- 
                Notifications
    You must be signed in to change notification settings 
- Fork 2.2k
Description
Intro
Current pybind11 functional type_caster support invoking callbacks passed from Python in async way, i.e. from multiple C++ threads. It implements that by holding GIL while functor is being executed according to following essential code from type_caster::load() that initializes value member:
...
		value = [func](Args... args) -> Return {
			gil_scoped_acquire acq;
			object retval(func(std::forward<Args>(args)...));
			/* Visual studio 2015 parser issue: need parentheses around this expression */
			return (retval.template cast<Return>());
		};Notice the sentence gil_scoped_acquire acq; that captures and releases GIL in RAII fashion.
Problem
Problem with code above is that destruction of value (and captured Python functor func) happens after GIL has been released. Then, if functor func is for example Python lambda that captures some variables, these variables are being freed (reference counter decremented) when GIL is no longer held.
Notice that all this process of functor invoke and destruction can execute in some worker C++ thread and that leads to UB (immediate terminate in my experience).

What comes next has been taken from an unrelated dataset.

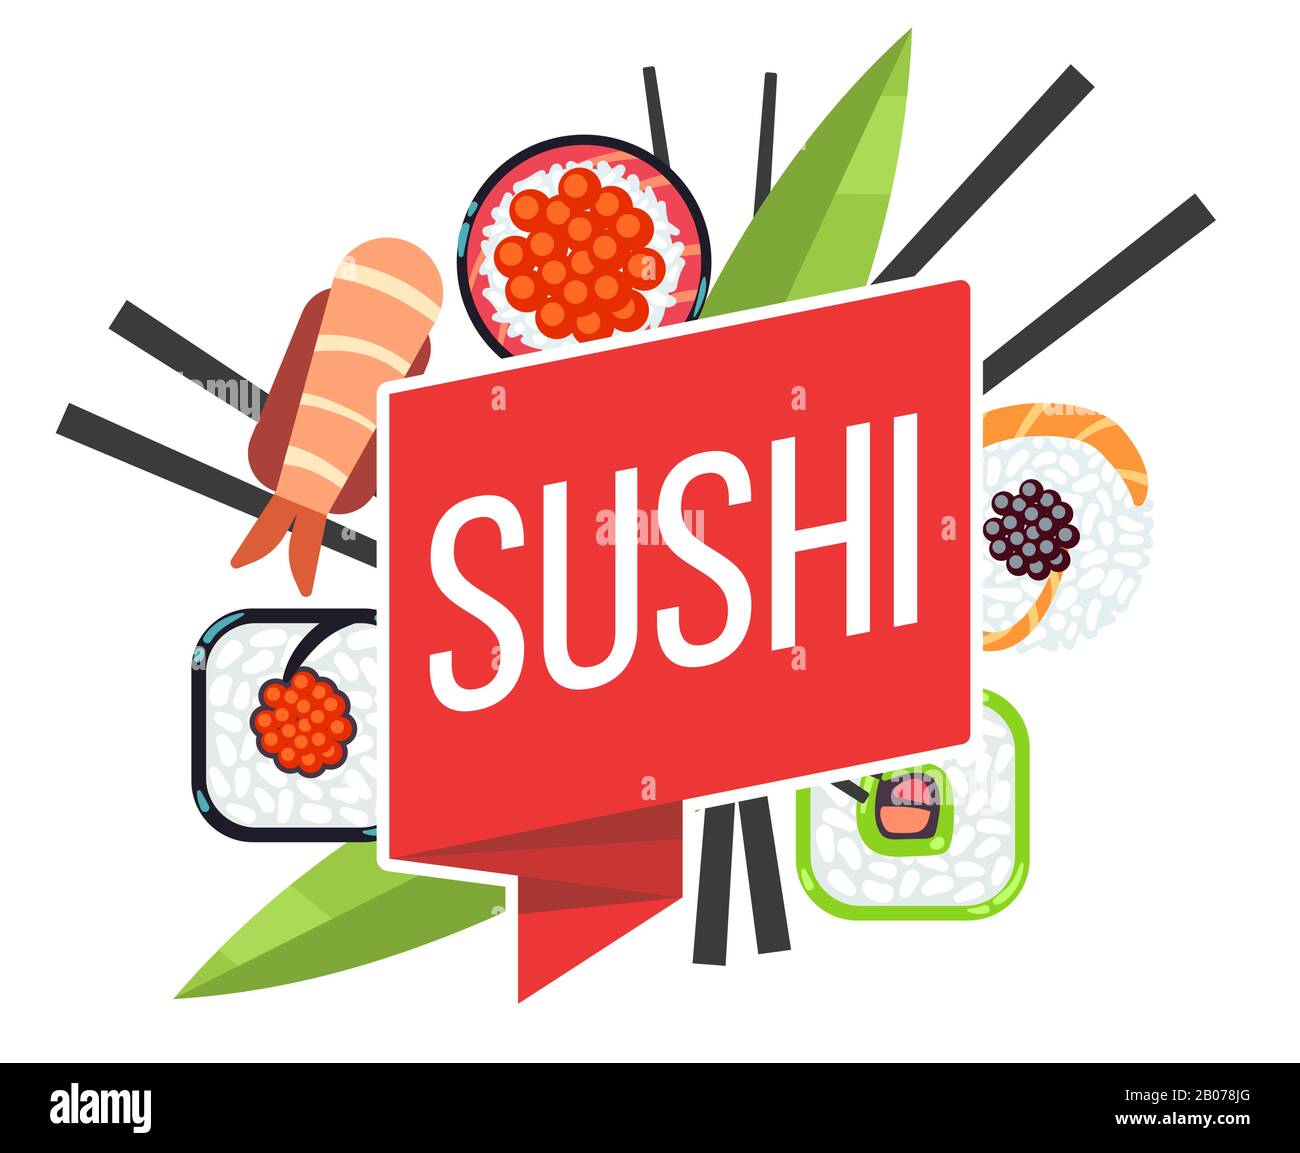 Japanische Vorlage für Vektorgrafiken im Sushi-Menü. Emblem mit Lebensmitteln und Farbband Stock Vektor

Problem isn't arising If func is pure function or a stateless lambda.
Solution
I've made a workaround to this issue by replacing the code above with the following:
...
		// dynamically allocated lambda that actually invokes passed functor
		auto f = new auto([func](Args... args) -> Return {
			object retval(func(std::forward<Args>(args)...));
			/* Visual studio 2015 parser issue: need parentheses around this expression */
			return (retval.template cast<Return>());
		});
		if(!f) return false;
		// ensure GIL is released AFTER functor destructor is called
		value = [f](Args... args) -> Return {
			gil_scoped_acquire acq;
			(*f)(std::forward<Args>(args)...);
			delete f;
		};Basically what it does -- it keeps captured GIL until functor is finished and completely destructed. This approach completely cures the problem.
However the downside is that it dynamically allocates the inner lambda (that actually invokes func). With C++17 lambda will be constructed in-place without copy/move involved. But still this proposal may be sub-optimal.
So, I'm calling for core devs here for looking into this issue because it leads to rather severe limitations of Python callbacks usage.